Beni cezalandıran hâkim ‘tanıdık’ çıktı
Barış Pehlivan; Ben şimdi gazetecilik gereği kendisini arasam, o da benden şikâyetçi olsa ve bu kez de mesai arkadaşı savcı Hüseyin Çolak hakkımda iddianame yazsa ne yapabilirim ki? Şaşırdım, kaldım.
Bilen biliyor, geçen gün 1 yıl 3 ay hapis cezası aldım. Cezaya gerekçe olarak sunulan belge, 7 Ekim 2022’de bu köşede yayımlanan “Bir Cumhuriyet savcısının itirafları” başlıklı yazımdı. İşte bu meseleye dair çarpıcı bir bilgiye ulaştım. Anlatacağım ama önce kısa bir özet geçmeliyim.
2022’de bu köşede, Kilis’te halen görev yapan savcı Hüseyin Çolak’ın...
1- AKP’nin, Gaziantep’in Şehitkamil ilçesindeki eski başkanı olduğunu...
2- Bu siyasi görevdeyken 2008’de trafikte tartıştığı kişiyi silahıyla vurup, gözaltına alındığını...
3- FETÖ’nün avukat imamlarından olan Kamil Bakum’un itiraflarında adının geçtiğini...
4- Yargı teşkilatına girecekleri hazırlayan ve 15 Temmuz’dan sonra KHK ile kapatılan FETÖ derneğinin 31 Mart 2016’ya kadar üyesi olduğunu yazdım.
Her şey belgeliydi, lakin yine de yanıt hakkı için savcı Çolak’ı aradım. Kendimi tanıttım, kendisiyle ilgili haber yapacağımı ve sorularım olduğunu belirttim. O da uzun uzun yanıtladı. FETÖ derneğine üyeliğini “Biliyorsunuz; o zamanki iktidar partisiyle bu yapı kol kolaydı. Partide bulunan avukatları götürdüler ve üye yaptılar” diyerek savundu. Tüm dediklerini köşeme aktardım.

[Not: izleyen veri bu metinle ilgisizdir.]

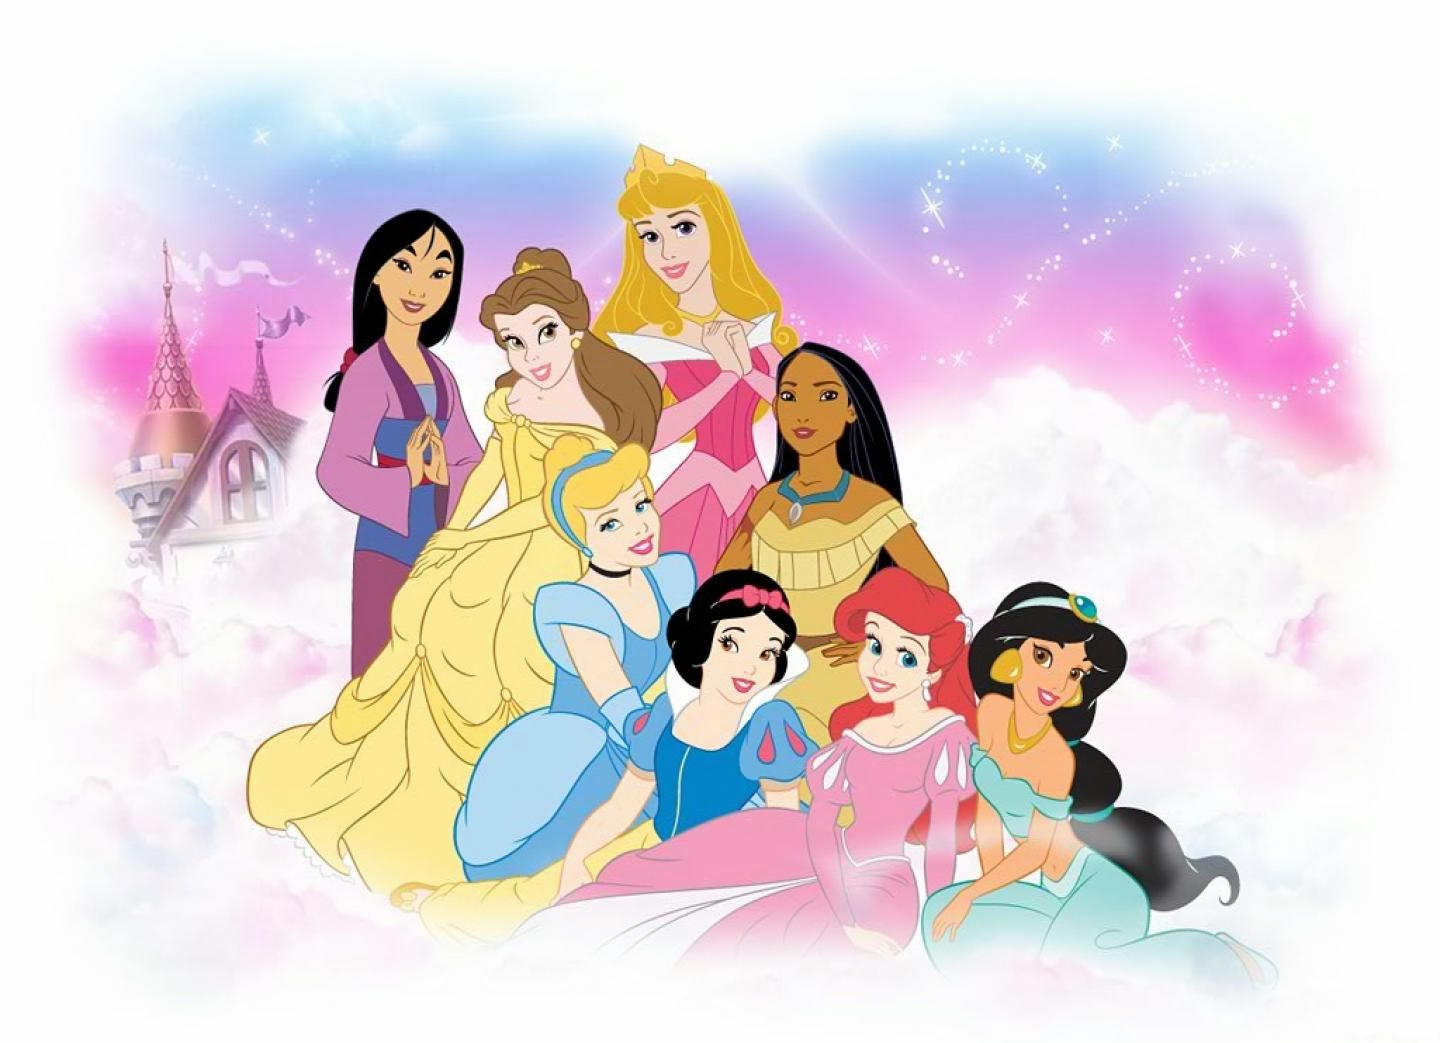 Disney princess wallpapers free download

Buna rağmen savcı Çolak benden şikâyetçi oldu. İşin garip yanı; açık kanun hükmüne ve itirazlarımıza rağmen yaşadığım, gazetemin olduğu il olan İstanbul’da değil, Kilis’te yargılama yapıldı. Sonunda da “haberleşmenin gizliliğini ihlal” suçundan cezalandırıldım.
Özetle içeriği yalanlanmayan bir yazıda anlatılan savcının şikâyetiyle, savcının aynı adliyedeki mesai arkadaşları tarafından hakkımda hüküm verildi.
Bu garip hapis cezasının altında Kilis 1. Asliye Ceza Mahkemesi’nin hâkimi H.Y’nin imzası vardı. Savunmamda hâkimin yüzüne karşı da söylemiştim: “Zamanında, oturduğunuz koltukların sahipleri teröristlerdi. Adaletin hüküm sürmesi için zamanında nasıl onlarla mücadele ettiysem ve bedelini ödediysem, bugün de aynısını yapıyorum, yapacağım.”
RESMİ GAZETE’DEKİ İHRAÇ KARARI
Gazetecilik şüphe ve merak işidir. Her şeye rağmen “Sahi, bir hâkim böylesi hukuksuz bir kararı nasıl verebilir” sorusu beynimi kemirdi durdu. Açık kaynaklarda arama yaptım ve bingo!
Hâkimler ve Savcılar Kurulu’nun (HSK) 16 Mart 2022 tarihli karar tutanağına ulaştım. Resmi Gazete’de de yayımlanan kararda şöyle yazıyordu: “Başta FETÖ/PDY Silahlı Terör Örgütü olmak üzere terör örgütleriyle veya milli güvenliğe karşı faaliyette bulunan yapı, oluşum ya da gruplarla üyeliği, mensubiyeti veya iltisak, yahut bunlarla irtibatı olduğu değerlendirilen yargı mensuplarının meslekten çıkarılması, demokratik toplumun temel değerlerinden biri olan yargının güvenilirliği ve saygınlığının sağlanması bakımından ayrı bir önem taşımaktadır.”
Sonra...
Görevde bulunan 5 yargı mensubu hakkında şu sonuca varılıyordu: “FETÖ/PDY Silahlı Terör Örgütü ile iltisak ve irtibatlarının olduğu sabit görüldüğünden, adı geçenlerin, meslekte kalmalarının uygun olmadığına ve ayrı ayrı olmak üzere meslekten çıkarılmalarına, oybirliği ile karar verildi.”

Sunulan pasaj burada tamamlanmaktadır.